Here, we provide a simple example of musical audio generation using the guitar subset of the NSynth Dataset, continuous Music2Latent representations, and a classic U-Net architecture. In the corresponding notebook we implement a diffusion model that adopts a Rectified Flow method with ODE-based sampling [LGL23]. This approach combines elements from both denoising diffusion probabilistic models (DDPMs) and normalizing flows, resulting in a continuous-time framework for generative modeling.
Music2Latent Codec#
Music2Latent (M2L) [PLF24] provides highly compressed, continuous audio representations with ~\(11 \times 64\)-dimensional vectors per second (for 44.1kHz sample rate). A consistency autoencoder facilitates a generative decoder that makes up for potentially lost information, enabling high-quality reconstructions. The M2L representations serve as the data space in which the diffusion process operates. The diffusion model learns to generate M2L latent vectors, which are then decoded back into audio signals.
Figure 1: Training process of Music2Latent. The input sample is first encoded into a sequence of latent vectors. The latents are then upsampled with a decoder model. The consistency model is trained via consistency training, conditioned on the information coming from the cross connections (image source: [PLF24]).

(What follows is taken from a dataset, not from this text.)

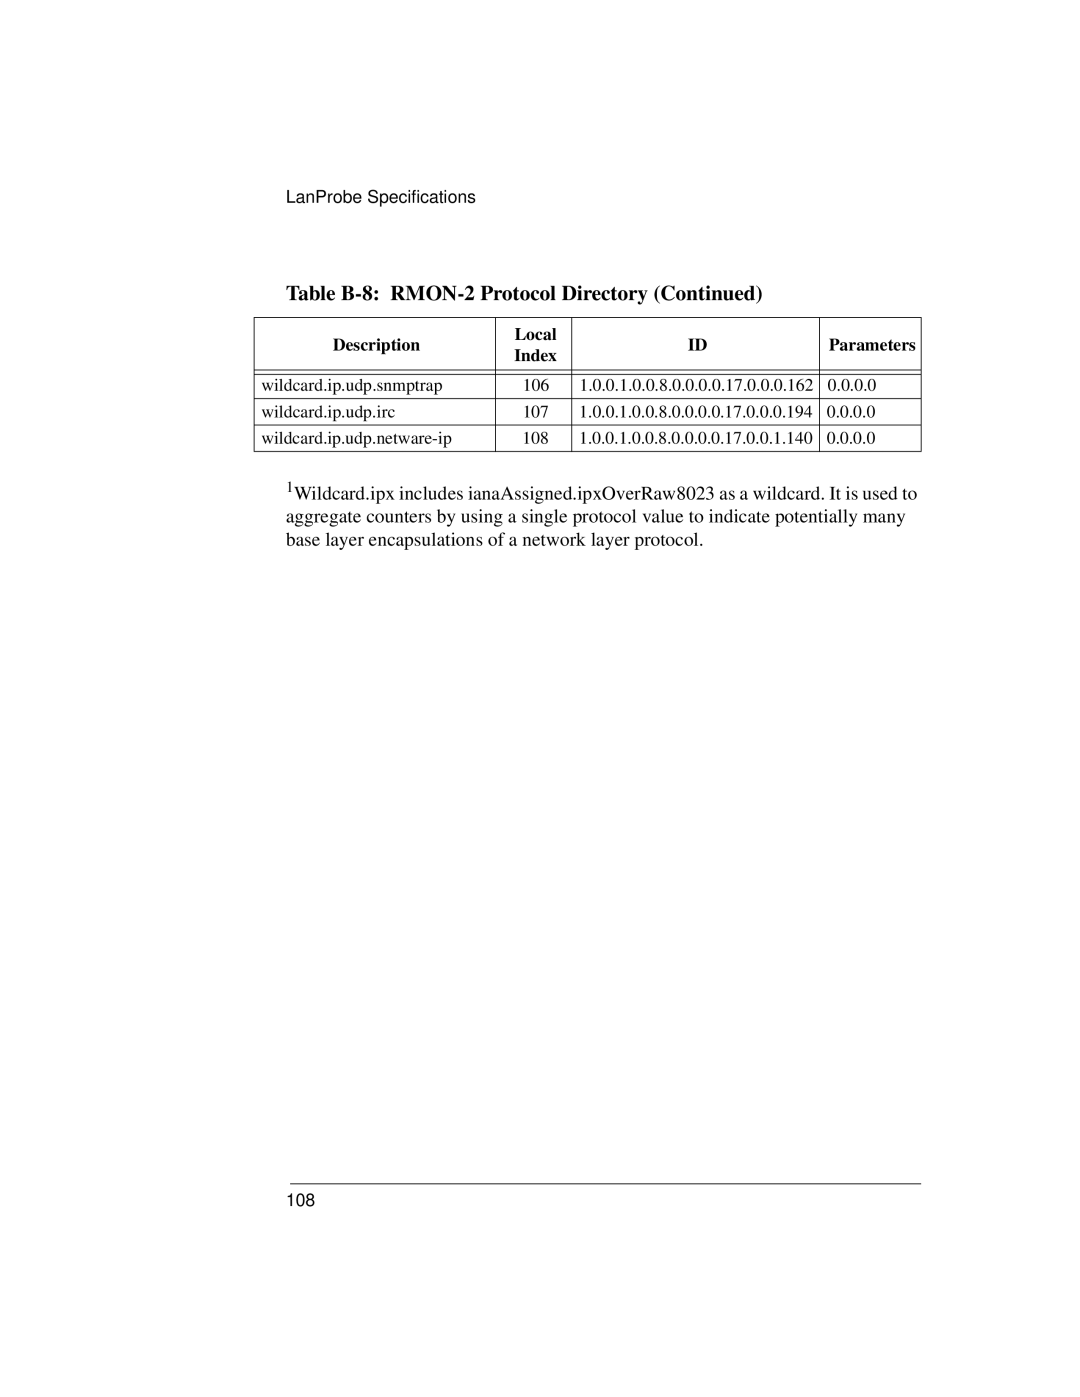 IBM 4986B LanProbe manual Table B-8 RMON-2 Protocol Directory Continued 
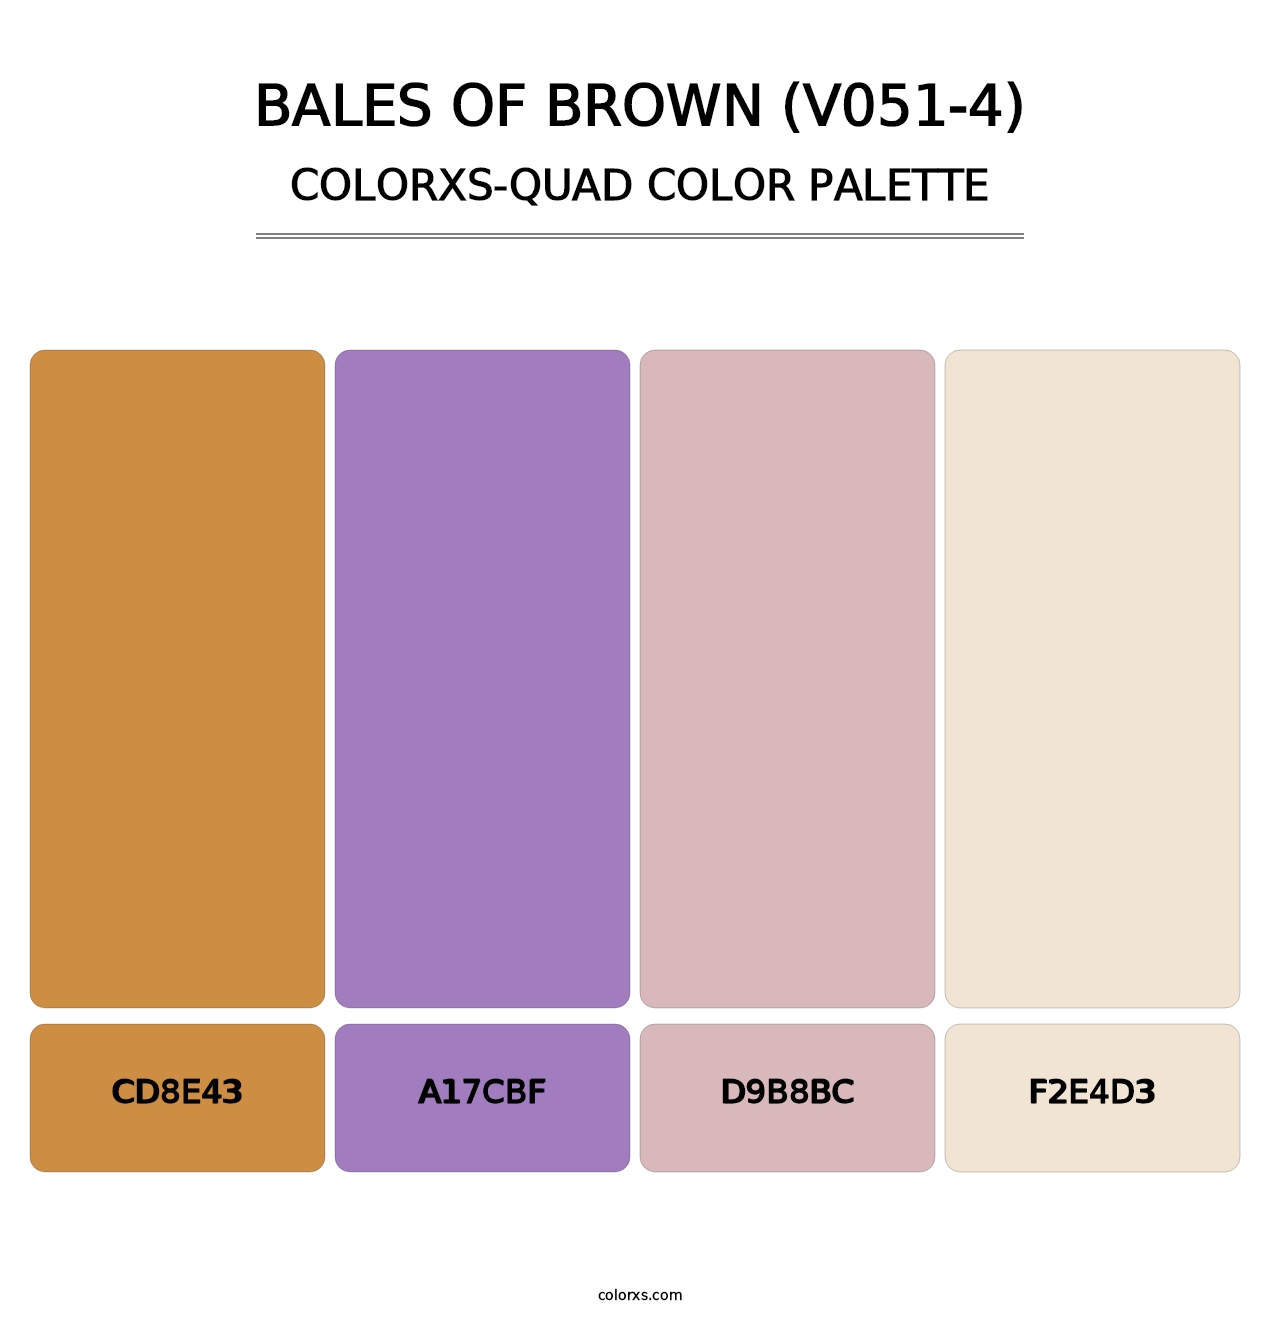 Bales of Brown (V051-4) - Colorxs Quad Palette

In our example, we first transform the dataset into M2L representations on which we then train our diffusion model. This involves the following steps:
!pip install music2latent
import soundfile as sf
from music2latent import EncoderDecoder
# Initialize the encoder/decoder
encdec = EncoderDecoder()
# Load the audio file using soundfile
waveform, _ = sf.read("sample.wav")
# Encode using music2latent
latent = EncoderDecoder().encode(waveform)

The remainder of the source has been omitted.